We were still within sight of the trucks when the all of a sudden the hounds started barking and took off down the hollow. Once again we spread out down the road and listened and watched. Jason pointed down the road as far as you could see and said “Hey, is that a rabbit running up the road”? When I looked I didn’t see anything but he said it was only in the road for a second and then it jumped off the side beside the creek. The dogs were on a flat above it so Jason and I decided to walk down the road to where he thought he saw the rabbit. He pointed to the spot where he thought the rabbit left the road and I stopped there. The dogs came back around the flat and two of them came down the hill. Jason said “yep, I thought that was a rabbit”. He no longer said that when I looked up and saw the rabbit sneaking up the hill. I only saw it for a second before it disappeared on the flat where the other hounds were.
They took off way up the hollow before ending at another hole. After rounding up the hounds we walked around a point that had been logged within the past couple of years and had lots of briars and thick underbrush. Of course the rabbits were there and immediately another chase was on.

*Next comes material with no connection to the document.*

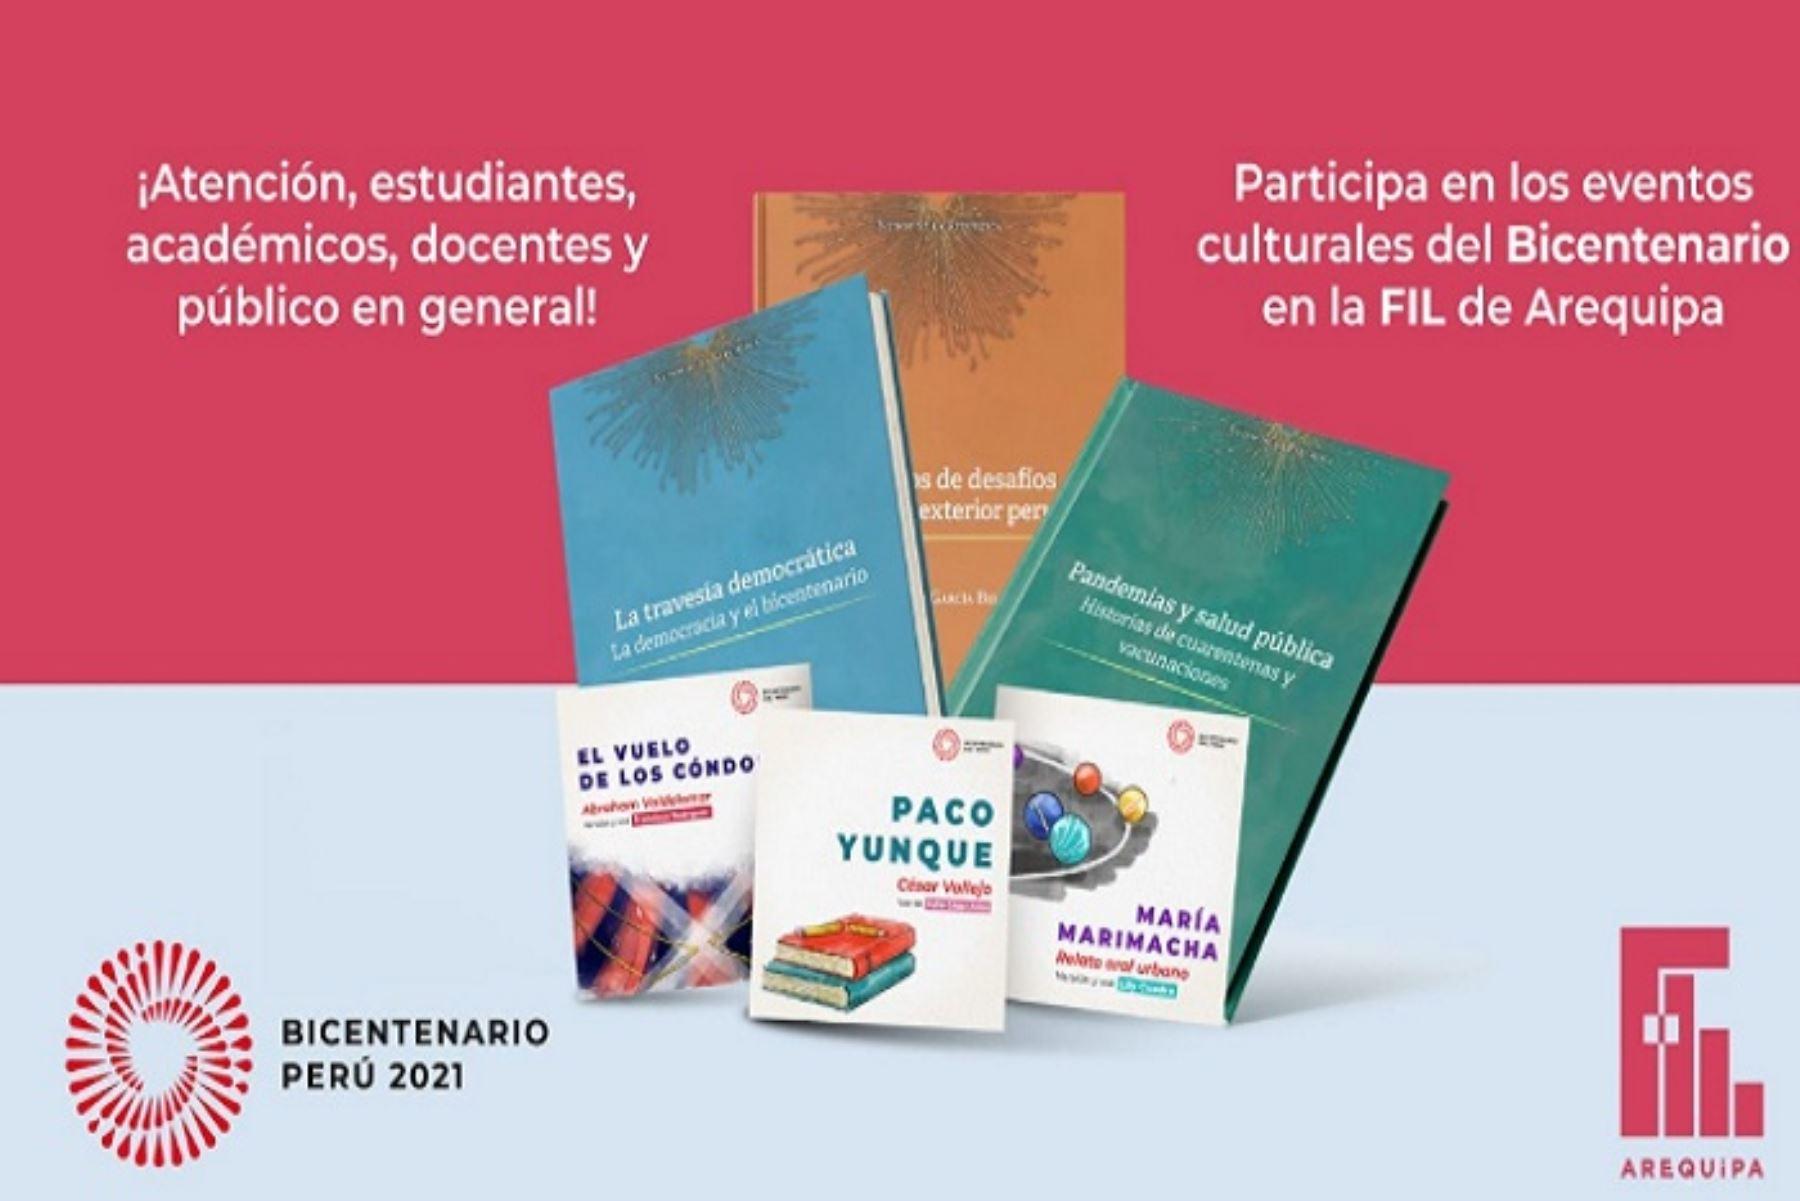 El día de la inauguración, este jueves, el público podrá conocer más sobre la Biblioteca Bicentenario, sus contenidos y recursos digitales gratuitos, entre los que destaca el repositorio histórico que reúne más de 600 libros y documentos relacionados con la independencia y la vida republicana del Perú.

Jason and I stayed up high towards the top of the hill. The dogs took the rabbit around low and Jason walked to where he could see down over the hill. I stayed put. A couple of minutes went by when I looked down the old logging road to where Jason went over the hill and here came a rabbit just walking down it. I wasn’t exactly sure where Jason was, so I watched as the rabbit hopped up above the road.
I continued to watch and listen to the beagles barking over the hill. All of a sudden I caught some movement and saw the rabbit sneaking towards a rock face. I took a few quick steps up the road and shouldered my shotgun. Just as soon as I squeezed the trigger the rabbit disappeared into a hole in the rock face.
I walked up to the rock face and it was the only hole there. I decided to wait until the dogs came up and then I was going to pull them off that track. As I stood there I once again caught movement out of the corner of my eye. “I think that was another rabbit” I thought to myself as everyone else was down over the hill.
The beagles finally came up to where I was standing and then all of a sudden opened up and took off over the hill exactly where I saw the movement. I followed them and yelled down to Jason who was talking to a landowner holding a big Saint Bernard. They were both friendly but when the landowner told Jason that his son had a pit bull on up the hollow we decided to round up the beagles.
It was a great day and I saw four rabbits total. The dogs ran non-stop from the time we left the truck until we quit around noon. The funny thing is Jason hunted the same spot a week before with snow still on the ground and never saw a rabbit track. It just goes to show like every other type of hunting sometimes you just have to be in the right spot at the right time. It was good to get out and listen to the beagles one last time before the season went out on February 28.